EXERCISE DESCRIPTION:
Without including any pictures, reproduce the full listing exactly.

DATA EXCERPT:
+ + + + + + +

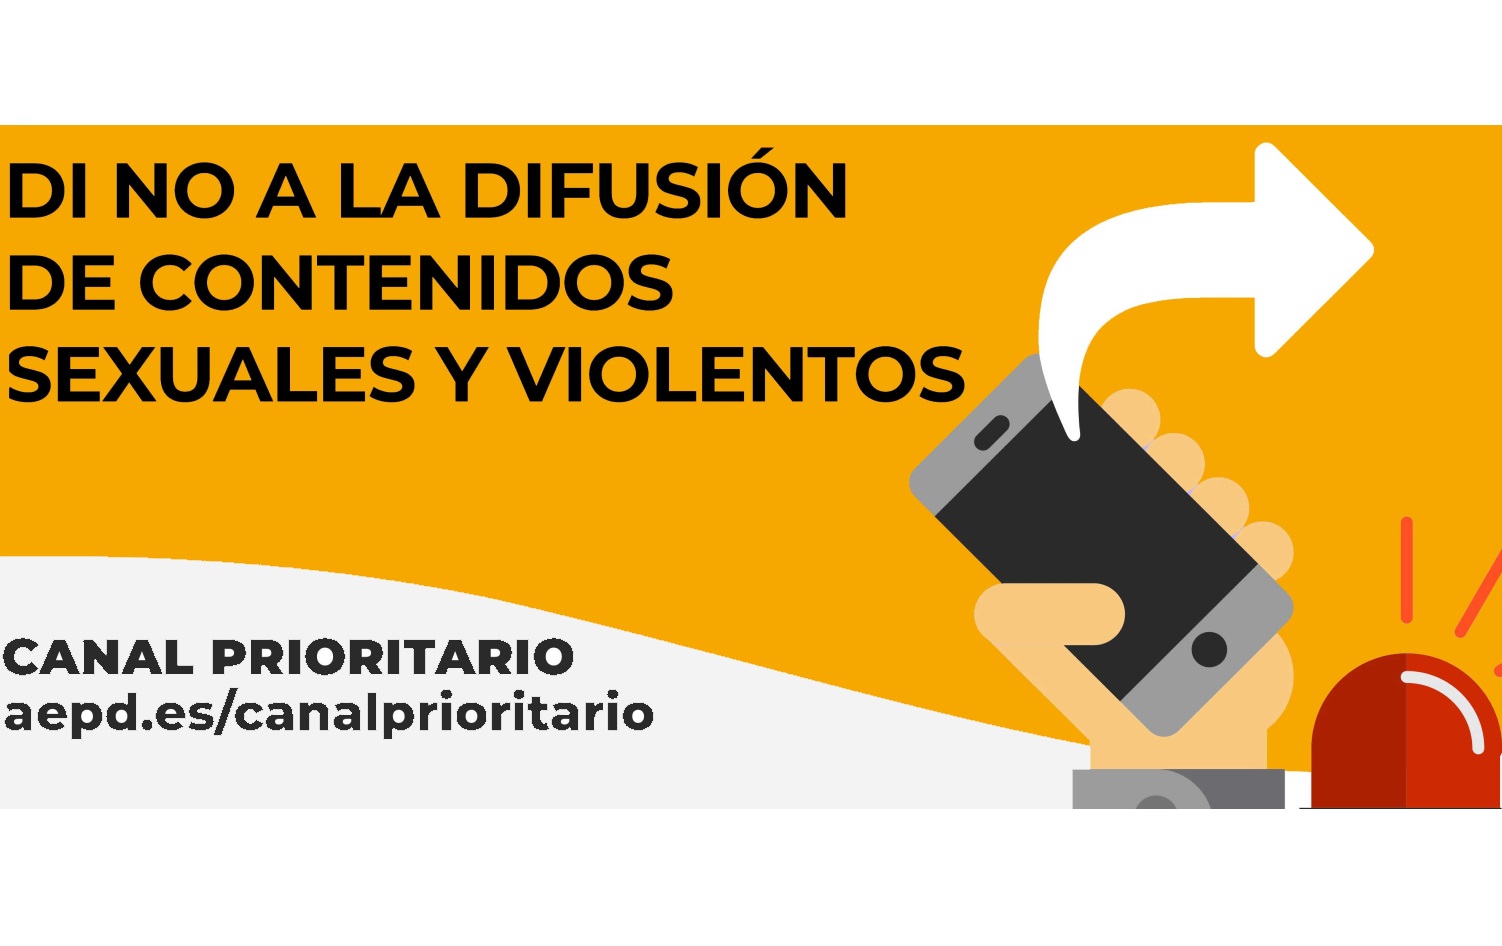 campaña-loparasolopasas-no-difusion-contenidos-sexuales-violentos_principal
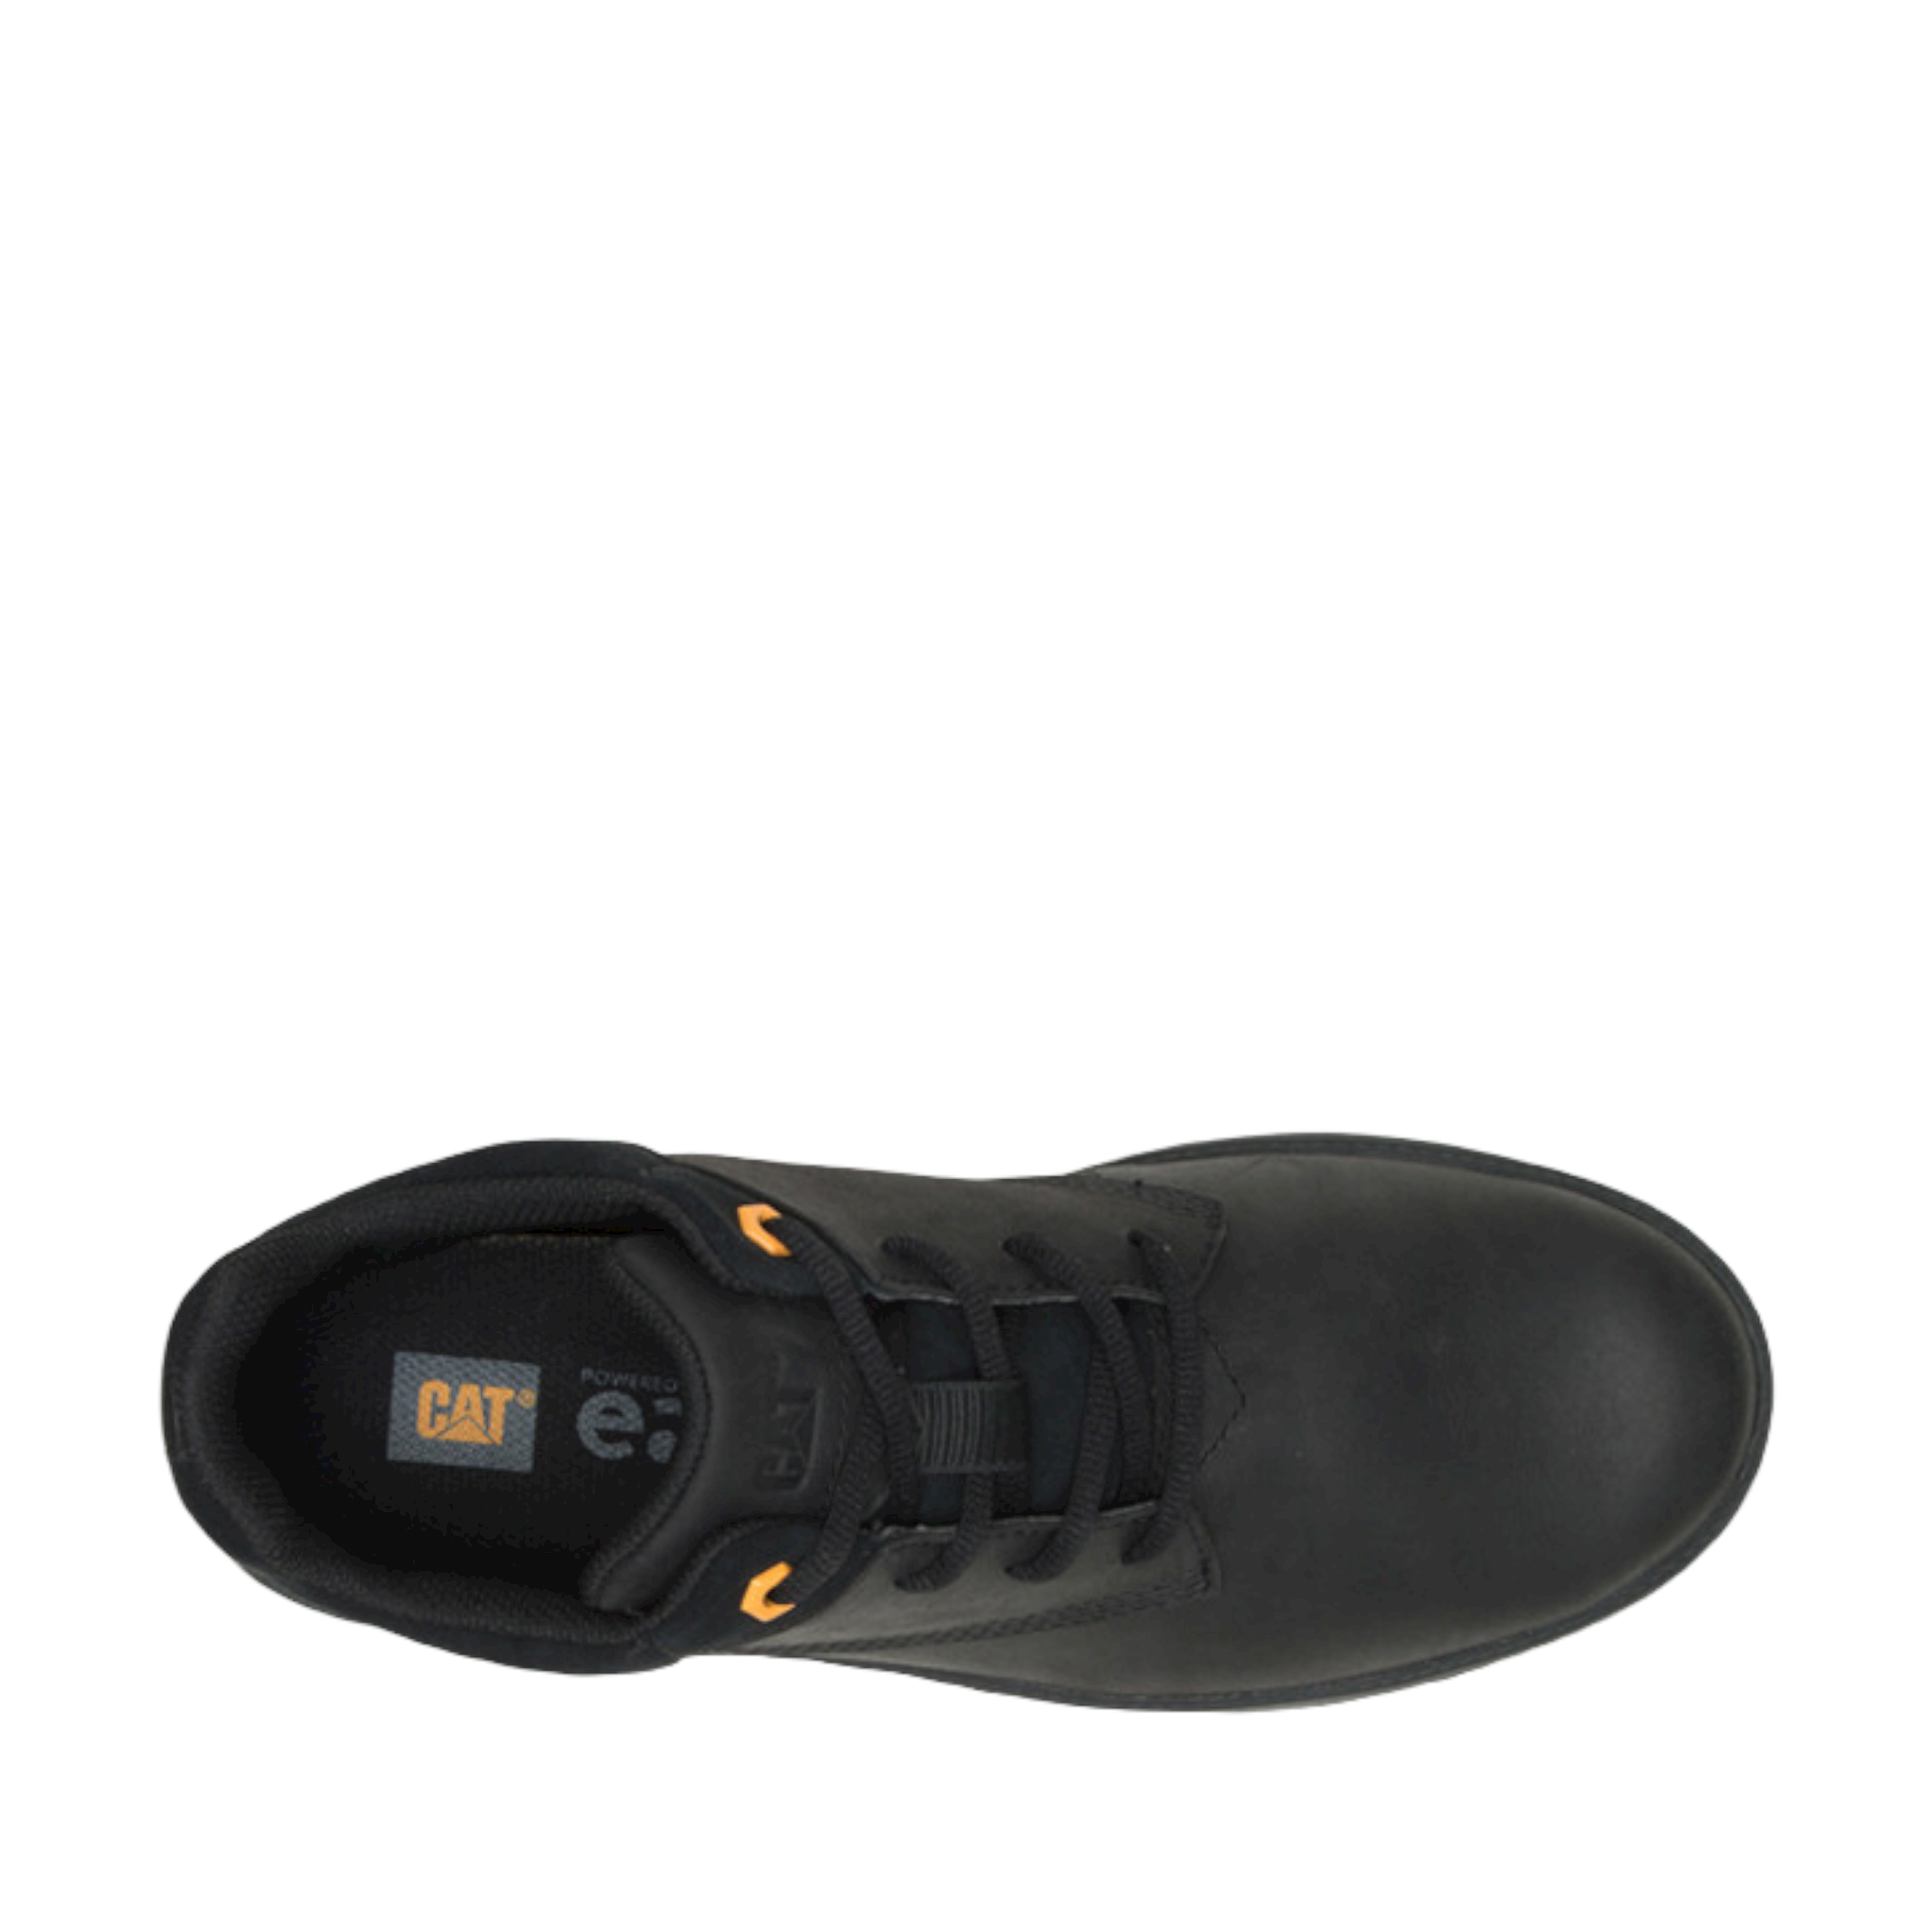 Roamer Mid 2.0 - shoe&amp;me - Caterpillar - Boot - Boots, Mens, Winter
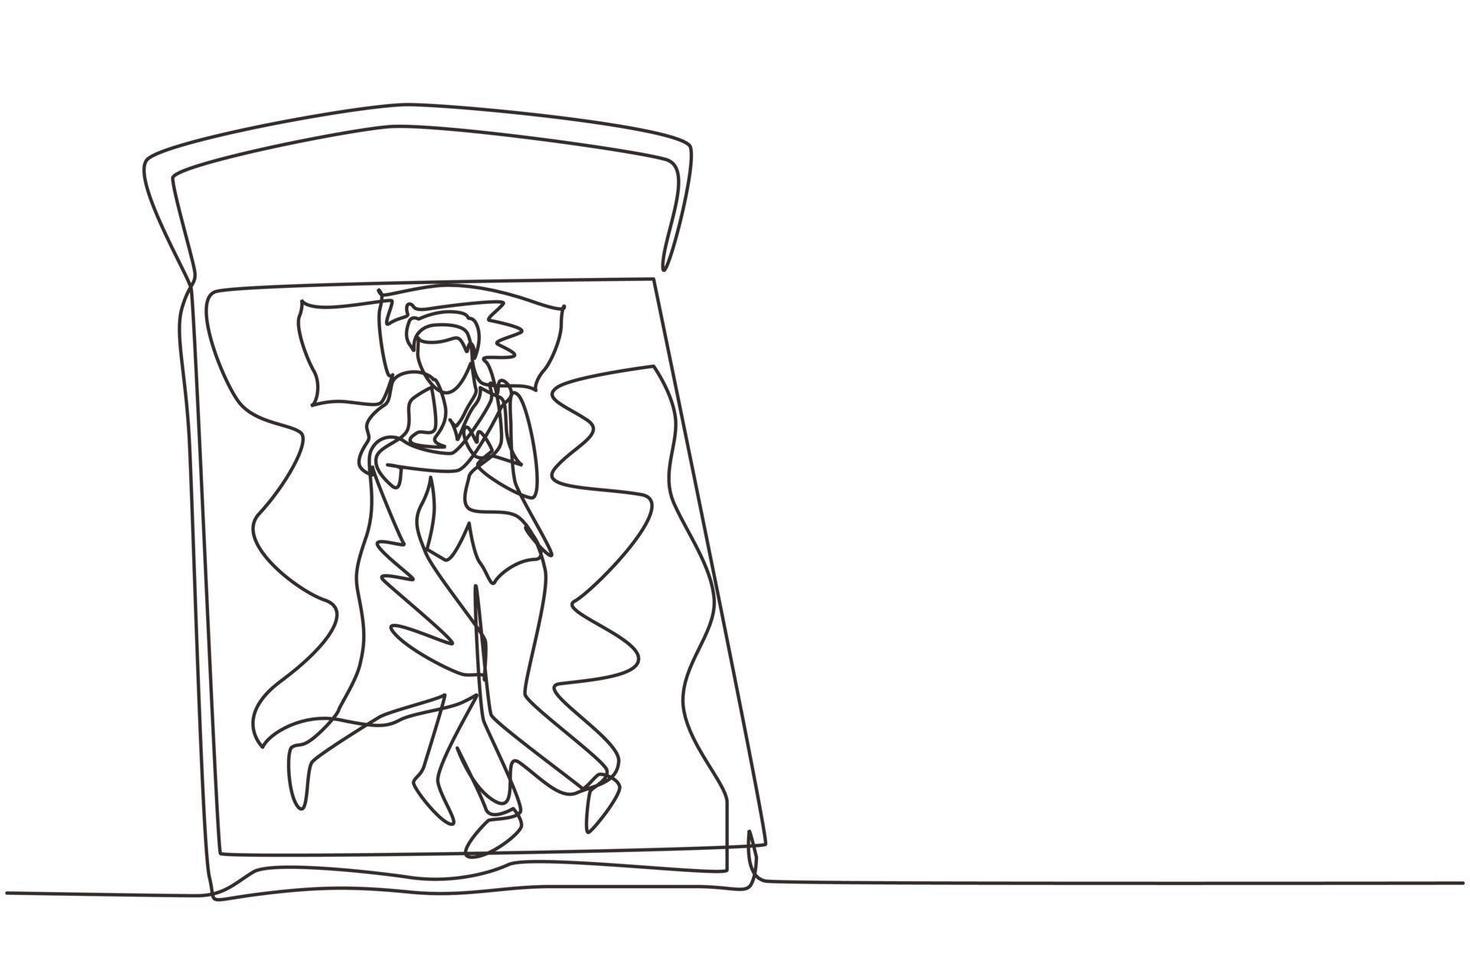 dibujo continuo de una línea pareja masculina y femenina abrazándose cariñosamente en la cama, hombres y mujeres durmiendo en la cama mientras se abrazan amorosamente, durmiendo pose de amante. gráfico vectorial de diseño de dibujo de una sola línea vector
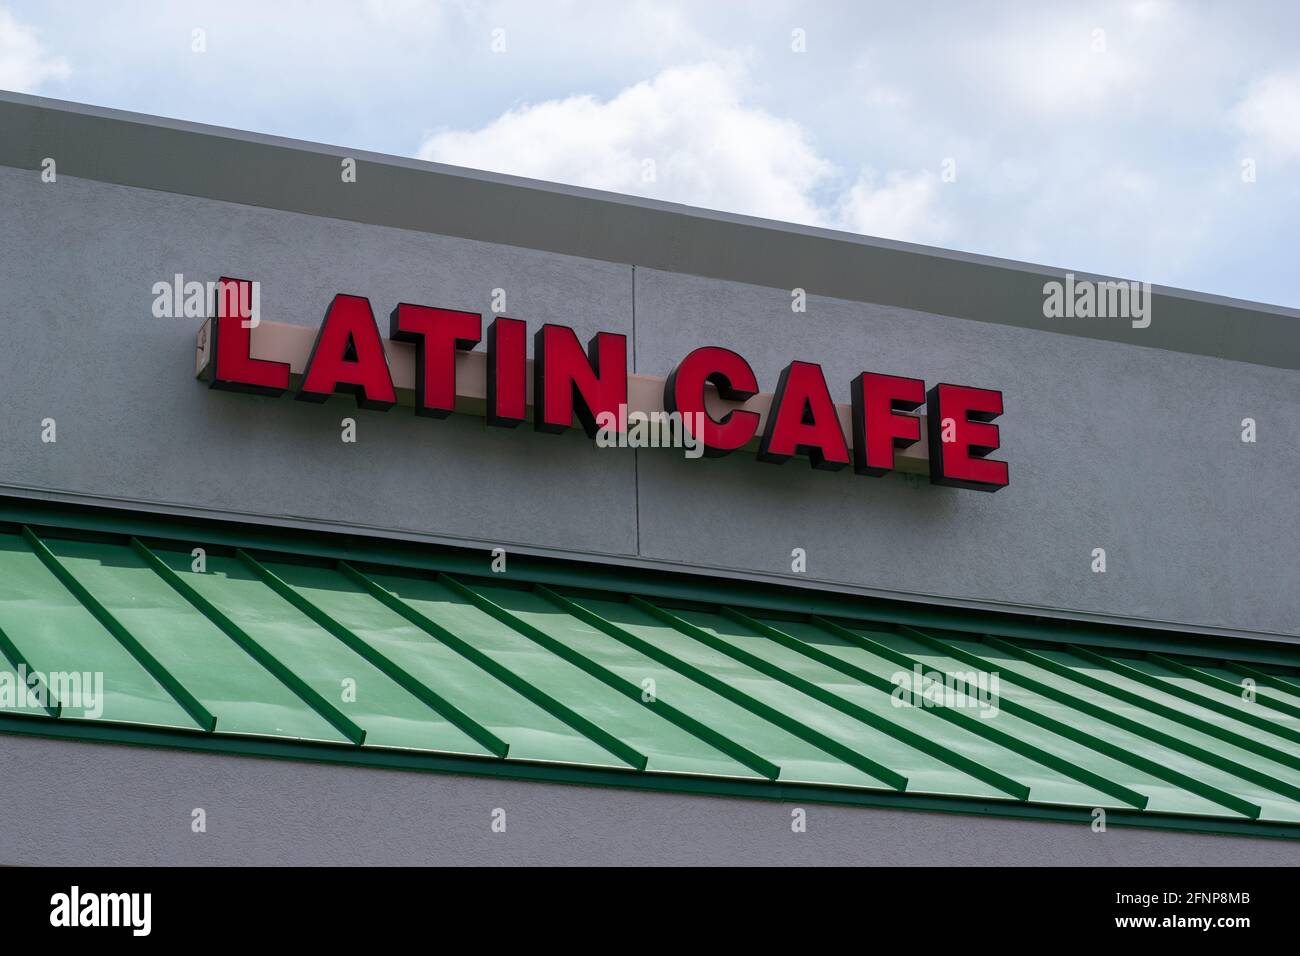 Generisches Latin Cafe Schild in einem Shopping plaza. Rotes Schild mit großen Buchstaben und Beleuchtung für gute Sicht bei Nacht. Stockfoto

+ + + + + + +

RESPONSE:
 campaña-loparasolopasas-no-difusion-contenidos-sexuales-violentos_principal
 Roamer Mid 2.0 - shoe&amp;me - Caterpillar - Boot - Boots, Mens, Winter
 dibujo continuo de una línea pareja masculina y femenina abrazándose cariñosamente en la cama, hombres y mujeres durmiendo en la cama mientras se abrazan amorosamente, durmiendo pose de amante. gráfico vectorial de diseño de dibujo de una sola línea vector
 Generisches Latin Cafe Schild in einem Shopping plaza. Rotes Schild mit großen Buchstaben und Beleuchtung für gute Sicht bei Nacht. Stockfoto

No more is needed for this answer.